Examples of accessible data inventories

Simple over Standards #

Frequently the biggest hurdle to sharing data is the pre-existing organization of files. While open standards based API access can smooth over the bumps inherent to locally stored heterogeneous collections of files, the amount of effort to setup an existing API webservice to share your data can be overwhelming. (Not to mention having to roll your own in an standards complant way.)

The NOAA example below is a great example of a simple solution that can be used as a template to provide easy programatic access to any dataset.

HTML as Catalog #

The “pretty” part of the web that we interact with daily is based on HTML files, which can serve as data catalogs in themselves if leveraged appropriately by smart organizations. Needing to download a set of files that listed as links on a webpage, I often use the following hacky method scrape a static webpage for links with specific extensions.

The static HTML scrape hack for a set of webpages I often need to check the the links point to re,al files and the content paths sometimes change without warning.
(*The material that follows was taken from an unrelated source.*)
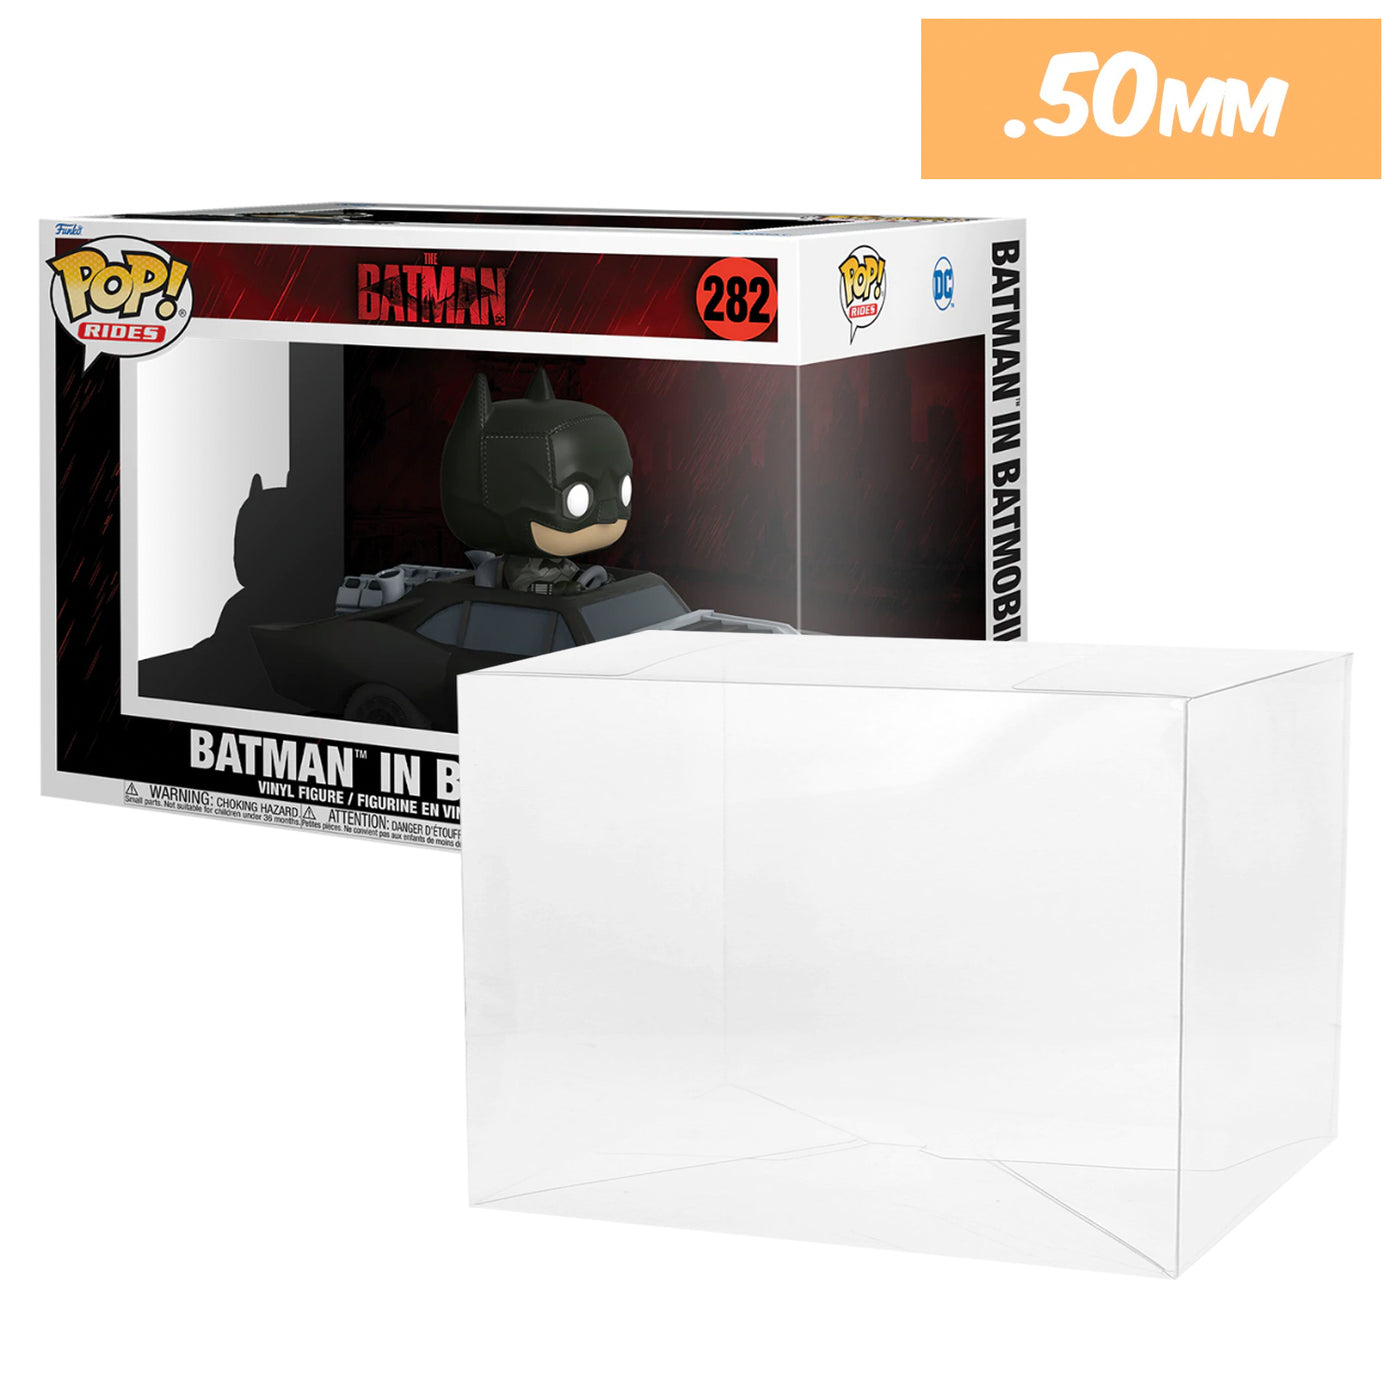 The Batman Batmobile pop rides best funko pop protectors thick strong uv scratch flat top stack vinyl display geek plastic shield vaulted eco armor fits collect protect display case kollector protector
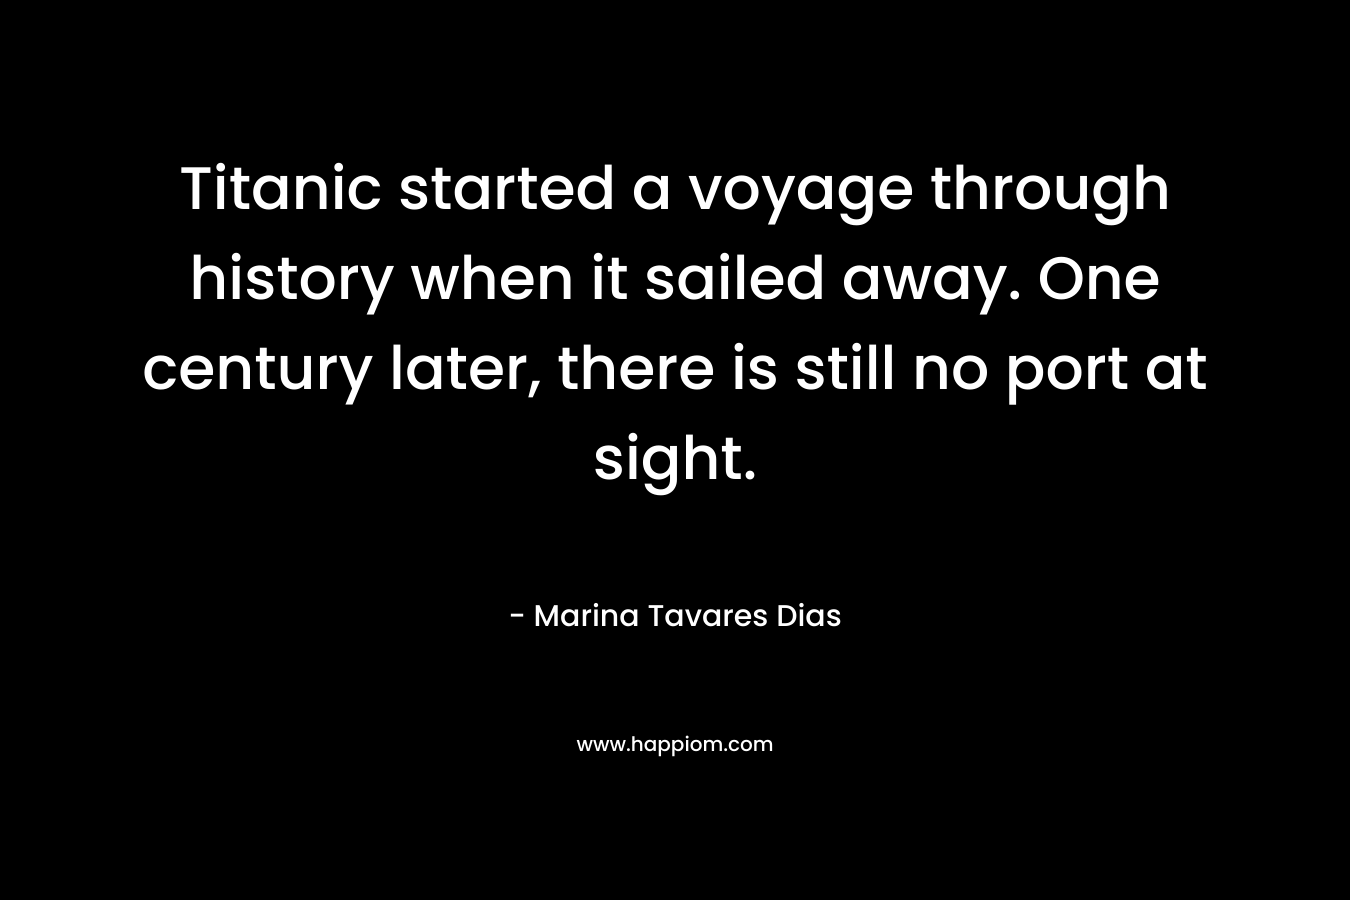 Titanic started a voyage through history when it sailed away. One century later, there is still no port at sight.

Nine times out of ten this method gets the job done.

 1
 2
 3
 4
 5
 6
 7
 8
 9
10
11
12
13
14
15
16
17
18
19
20
21
22
23
24
25
26
27
28
29
30

import pandas as pd
import bs4
import requests
from urllib.parse import urlparse

ext = {"json", "pdf", "png", "gif", "jpg", "tcw", "txt", "xml", "kml", "kmz", "zip"}

catalog = []
url = ["https://www.navcen.uscg.gov/north-american-ice-service-products",
       "https://www.metoc.navy.mil/jtwc/jtwc.html",
       "https://www.metoc.navy.mil/jtwc/rss/jtwc.rss"]
for mount in url:
    r = requests.get(mount)
    domain = mount.split(":")[0] + "//" + urlparse(mount).netloc
    links = bs4.BeautifulSoup(r.text, features="lxml").find_all(name="a")
    for link in links:
        if "href" in link.attrs:
            if link.attrs["href"] is not None:
                iext = link.attrs["href"].split(".")[-1]
                if iext in ext:
                    linkpath = link.attrs["href"]
                    catalog.append((link.text, domain, f"{domain}{linkpath}", iext,))
catalog = pd.DataFrame(catalog, columns=["Description", "Folder", "Fullpath", "Extension",])
if catalog.shape[0] > 1:
    catalog["Pattern"] = catalog.Fullpath
    catalog["LowerPath"] = catalog.Fullpath.str.lower()
    catalog["LowerDescription"] = catalog.Description.str.lower()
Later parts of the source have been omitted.